[Start of section]
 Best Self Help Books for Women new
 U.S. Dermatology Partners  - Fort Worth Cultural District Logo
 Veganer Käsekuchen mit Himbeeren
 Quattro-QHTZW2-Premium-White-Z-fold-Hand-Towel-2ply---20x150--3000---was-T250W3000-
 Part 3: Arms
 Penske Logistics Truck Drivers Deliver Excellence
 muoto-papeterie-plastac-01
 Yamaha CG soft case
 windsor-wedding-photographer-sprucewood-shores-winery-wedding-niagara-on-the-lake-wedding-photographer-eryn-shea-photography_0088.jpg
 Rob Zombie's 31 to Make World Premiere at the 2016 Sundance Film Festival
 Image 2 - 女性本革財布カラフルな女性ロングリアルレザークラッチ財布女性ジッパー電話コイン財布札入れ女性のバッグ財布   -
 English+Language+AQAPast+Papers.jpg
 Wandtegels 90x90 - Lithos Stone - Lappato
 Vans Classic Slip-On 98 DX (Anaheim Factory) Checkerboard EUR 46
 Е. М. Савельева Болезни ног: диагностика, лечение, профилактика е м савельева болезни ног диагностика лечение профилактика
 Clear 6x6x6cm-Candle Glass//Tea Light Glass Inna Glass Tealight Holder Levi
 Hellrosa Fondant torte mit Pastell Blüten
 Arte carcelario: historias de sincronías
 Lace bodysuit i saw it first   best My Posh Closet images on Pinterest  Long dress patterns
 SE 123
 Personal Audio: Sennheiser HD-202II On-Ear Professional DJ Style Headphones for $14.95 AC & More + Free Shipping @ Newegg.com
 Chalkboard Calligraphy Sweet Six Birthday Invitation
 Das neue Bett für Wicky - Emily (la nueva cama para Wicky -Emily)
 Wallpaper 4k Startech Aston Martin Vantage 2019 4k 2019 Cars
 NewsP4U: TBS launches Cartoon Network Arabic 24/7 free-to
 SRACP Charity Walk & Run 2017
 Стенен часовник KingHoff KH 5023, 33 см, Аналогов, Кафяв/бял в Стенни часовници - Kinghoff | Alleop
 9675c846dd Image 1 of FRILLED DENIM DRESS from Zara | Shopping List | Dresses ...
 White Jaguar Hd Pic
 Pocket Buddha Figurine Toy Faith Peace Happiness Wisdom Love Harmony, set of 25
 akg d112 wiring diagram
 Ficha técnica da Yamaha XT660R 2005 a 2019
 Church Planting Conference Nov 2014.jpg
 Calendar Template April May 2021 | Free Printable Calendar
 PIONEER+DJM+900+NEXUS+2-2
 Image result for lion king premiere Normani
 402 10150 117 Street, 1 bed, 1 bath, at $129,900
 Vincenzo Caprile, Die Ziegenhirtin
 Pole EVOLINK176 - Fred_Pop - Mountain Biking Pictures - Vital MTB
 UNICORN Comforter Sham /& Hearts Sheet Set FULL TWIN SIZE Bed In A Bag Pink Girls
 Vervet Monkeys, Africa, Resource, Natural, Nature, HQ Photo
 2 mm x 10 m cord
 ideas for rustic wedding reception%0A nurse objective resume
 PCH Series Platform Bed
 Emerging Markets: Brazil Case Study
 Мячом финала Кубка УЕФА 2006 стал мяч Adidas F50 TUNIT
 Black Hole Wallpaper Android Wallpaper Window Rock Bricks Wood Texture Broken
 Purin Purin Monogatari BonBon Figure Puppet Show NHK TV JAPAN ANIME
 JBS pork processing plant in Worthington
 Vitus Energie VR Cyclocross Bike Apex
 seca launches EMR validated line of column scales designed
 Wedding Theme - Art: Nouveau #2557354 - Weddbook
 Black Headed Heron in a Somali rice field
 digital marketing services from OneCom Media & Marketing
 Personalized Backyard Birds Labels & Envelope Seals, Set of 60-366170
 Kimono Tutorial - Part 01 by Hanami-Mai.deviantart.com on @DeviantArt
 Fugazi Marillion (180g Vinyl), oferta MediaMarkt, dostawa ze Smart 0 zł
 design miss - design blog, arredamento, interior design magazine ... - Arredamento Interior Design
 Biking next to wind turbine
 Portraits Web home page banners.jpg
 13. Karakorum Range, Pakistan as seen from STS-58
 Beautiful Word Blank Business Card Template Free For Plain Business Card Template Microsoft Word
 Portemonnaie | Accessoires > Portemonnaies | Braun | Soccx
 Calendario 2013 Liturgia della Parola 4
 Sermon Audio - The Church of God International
[End of section]
Problem to work on: All of the entries should be repeated word for word.

Task output:
 Best Self Help Books for Women new
 U.S. Dermatology Partners  - Fort Worth Cultural District Logo
 Veganer Käsekuchen mit Himbeeren
 Quattro-QHTZW2-Premium-White-Z-fold-Hand-Towel-2ply---20x150--3000---was-T250W3000-
 Part 3: Arms
 Penske Logistics Truck Drivers Deliver Excellence
 muoto-papeterie-plastac-01
 Yamaha CG soft case
 windsor-wedding-photographer-sprucewood-shores-winery-wedding-niagara-on-the-lake-wedding-photographer-eryn-shea-photography_0088.jpg
 Rob Zombie's 31 to Make World Premiere at the 2016 Sundance Film Festival
 Image 2 - 女性本革財布カラフルな女性ロングリアルレザークラッチ財布女性ジッパー電話コイン財布札入れ女性のバッグ財布   -
 English+Language+AQAPast+Papers.jpg
 Wandtegels 90x90 - Lithos Stone - Lappato
 Vans Classic Slip-On 98 DX (Anaheim Factory) Checkerboard EUR 46
 Е. М. Савельева Болезни ног: диагностика, лечение, профилактика е м савельева болезни ног диагностика лечение профилактика
 Clear 6x6x6cm-Candle Glass//Tea Light Glass Inna Glass Tealight Holder Levi
 Hellrosa Fondant torte mit Pastell Blüten
 Arte carcelario: historias de sincronías
 Lace bodysuit i saw it first   best My Posh Closet images on Pinterest  Long dress patterns
 SE 123
 Personal Audio: Sennheiser HD-202II On-Ear Professional DJ Style Headphones for $14.95 AC & More + Free Shipping @ Newegg.com
 Chalkboard Calligraphy Sweet Six Birthday Invitation
 Das neue Bett für Wicky - Emily (la nueva cama para Wicky -Emily)
 Wallpaper 4k Startech Aston Martin Vantage 2019 4k 2019 Cars
 NewsP4U: TBS launches Cartoon Network Arabic 24/7 free-to
 SRACP Charity Walk & Run 2017
 Стенен часовник KingHoff KH 5023, 33 см, Аналогов, Кафяв/бял в Стенни часовници - Kinghoff | Alleop
 9675c846dd Image 1 of FRILLED DENIM DRESS from Zara | Shopping List | Dresses ...
 White Jaguar Hd Pic
 Pocket Buddha Figurine Toy Faith Peace Happiness Wisdom Love Harmony, set of 25
 akg d112 wiring diagram
 Ficha técnica da Yamaha XT660R 2005 a 2019
 Church Planting Conference Nov 2014.jpg
 Calendar Template April May 2021 | Free Printable Calendar
 PIONEER+DJM+900+NEXUS+2-2
 Image result for lion king premiere Normani
 402 10150 117 Street, 1 bed, 1 bath, at $129,900
 Vincenzo Caprile, Die Ziegenhirtin
 Pole EVOLINK176 - Fred_Pop - Mountain Biking Pictures - Vital MTB
 UNICORN Comforter Sham /& Hearts Sheet Set FULL TWIN SIZE Bed In A Bag Pink Girls
 Vervet Monkeys, Africa, Resource, Natural, Nature, HQ Photo
 2 mm x 10 m cord
 ideas for rustic wedding reception%0A nurse objective resume
 PCH Series Platform Bed
 Emerging Markets: Brazil Case Study
 Мячом финала Кубка УЕФА 2006 стал мяч Adidas F50 TUNIT
 Black Hole Wallpaper Android Wallpaper Window Rock Bricks Wood Texture Broken
 Purin Purin Monogatari BonBon Figure Puppet Show NHK TV JAPAN ANIME
 JBS pork processing plant in Worthington
 Vitus Energie VR Cyclocross Bike Apex
 seca launches EMR validated line of column scales designed
 Wedding Theme - Art: Nouveau #2557354 - Weddbook
 Black Headed Heron in a Somali rice field
 digital marketing services from OneCom Media & Marketing
 Personalized Backyard Birds Labels & Envelope Seals, Set of 60-366170
 Kimono Tutorial - Part 01 by Hanami-Mai.deviantart.com on @DeviantArt
 Fugazi Marillion (180g Vinyl), oferta MediaMarkt, dostawa ze Smart 0 zł
 design miss - design blog, arredamento, interior design magazine ... - Arredamento Interior Design
 Biking next to wind turbine
 Portraits Web home page banners.jpg
 13. Karakorum Range, Pakistan as seen from STS-58
 Beautiful Word Blank Business Card Template Free For Plain Business Card Template Microsoft Word
 Portemonnaie | Accessoires > Portemonnaies | Braun | Soccx
 Calendario 2013 Liturgia della Parola 4
 Sermon Audio - The Church of God International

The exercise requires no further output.